Lingering scars of a fateful night: Survivors of a Lake Grove blast are healing from severe burns, but emotional wounds prove harder to mend


(Newsday (Melville, NY) (KRT) Via Thomson Dialog NewsEdge) Mar. 4--On a hot August night in the quiet village of Lake Grove, seven young people sat in a basement apartment, laughing and talking and playing video games.

Then the room exploded.

A flash fire fueled by a gas leak consumed the room, searing flesh, charring windpipes, and scarring bodies and lives forever.

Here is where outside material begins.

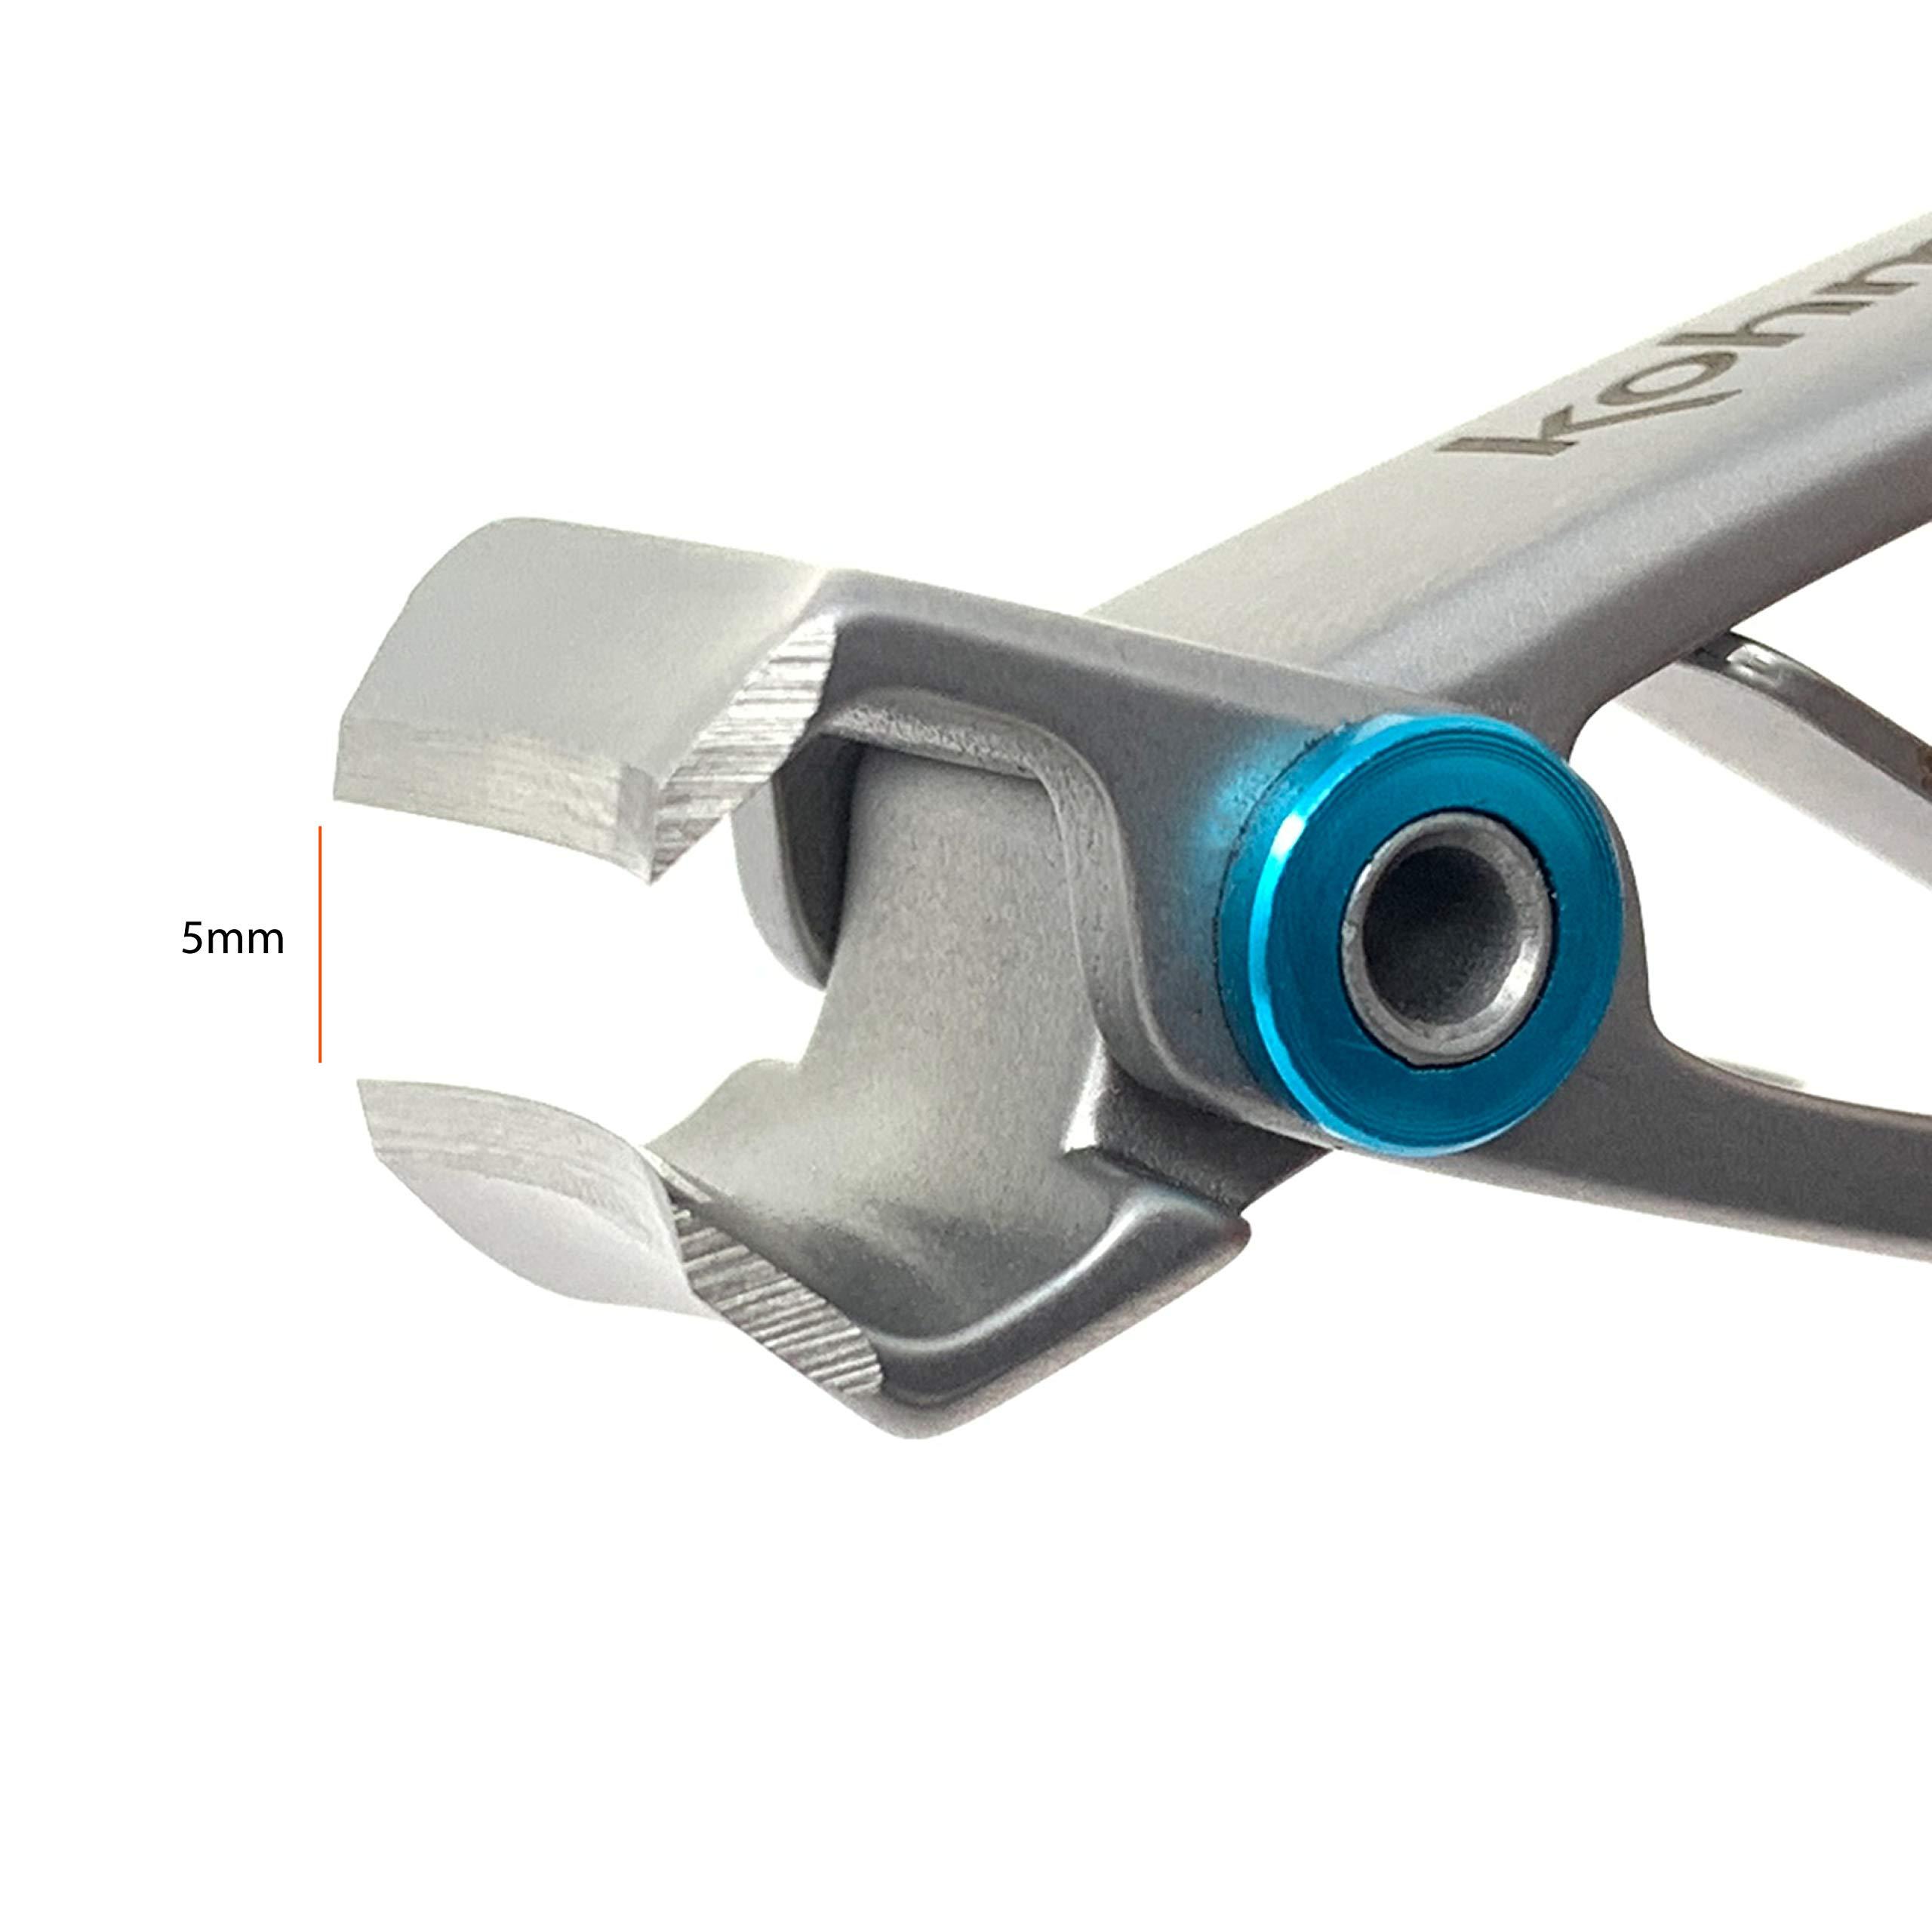 Kohm CP-120L 5mm Heavy Duty, Wide Jaw Toenail Clippers for Thick Toenails or Tough Fingernails, Large Toenail Clippers for Men, Seniors, Adults by KOHM

Seven staggered out. Five survived.

The fire didn't just burn flesh and hair. It also destroyed the sense of invincibility that is the particular domain of the young.

It left markings of their clothes etched permanently on their limbs.

It left some incapable of opening a water bottle.

It left the least injured haunted that she wasn't burned as badly as the rest.

The seven were among the roughly 300 people burned badly enough each year to be admitted to Long Island's two burn centers. They were the largest mass casualty ever admitted to the Stony Brook University Medical Center burn unit. Each faced possible death.



Burns are particularly complex injuries. Vital fluids seep out. Airways swell shut. Body temperature drops and bacteria invade wounds. Those who survive face deep psychological scars along with the physical ones.

Those who lived face futures none of them expected, futures that place surgeries and doctors' prognoses before colleges and careers.


Their lives are divided into "before" and "after," and only now are they discovering how much they have changed.

When one looks in the mirror, he doesn't see the face he used to have. Another cannot bring herself to light a gas stove. A third lies awake at night, traumatized by his memories, listening for sounds of danger. And as they all search for who to blame, they must grapple with the troubling results of the police investigation, which points to one of the seven.

FATEFUL NIGHT STARTED

AS AN ORDINARY DAY

For the seven, Aug. 1 had been a typical summer day.

Kevin Gianninoto, David Greenridge, Mari Gardaphe and Mike Goble were hanging out as they often did at the Smith Haven Mall in Lake Grove.

Kevin, 20, and David, 18, were longtime friends who lived minutes apart in Nesconset. Kevin, a husky and muscular electrician's assistant with a penchant for techno music and video games, often played handball and basketball with David, an aspiring architect and high-school student in Smithtown.

Mari, 19, and Mike, 21, seemed to spend more time together than apart. They met as Mari was about to leave for Chicago to attend DePaul University. Their relationship bloomed when she came back to live in Bellport and study English at Stony Brook University. Mike, who lives in Hauppauge, worked loading pallets at a medical factory there but hoped to become a chef.

The friends often went to David's house, where his father would cook elaborate backyard barbecues, or to Kevin's house to listen to music and have CD wars, tossing the discs at each other.

August 1 was a hot, sticky day -- the temperature was nearly 90 degrees at 7 p.m. -- and the youths dressed lightly in cotton shorts, t-shirts and tank tops. Kevin wore a hat pulled across his forehead. Mari wore a miniskirt and flip-flops. Only David wore long sleeves and jeans.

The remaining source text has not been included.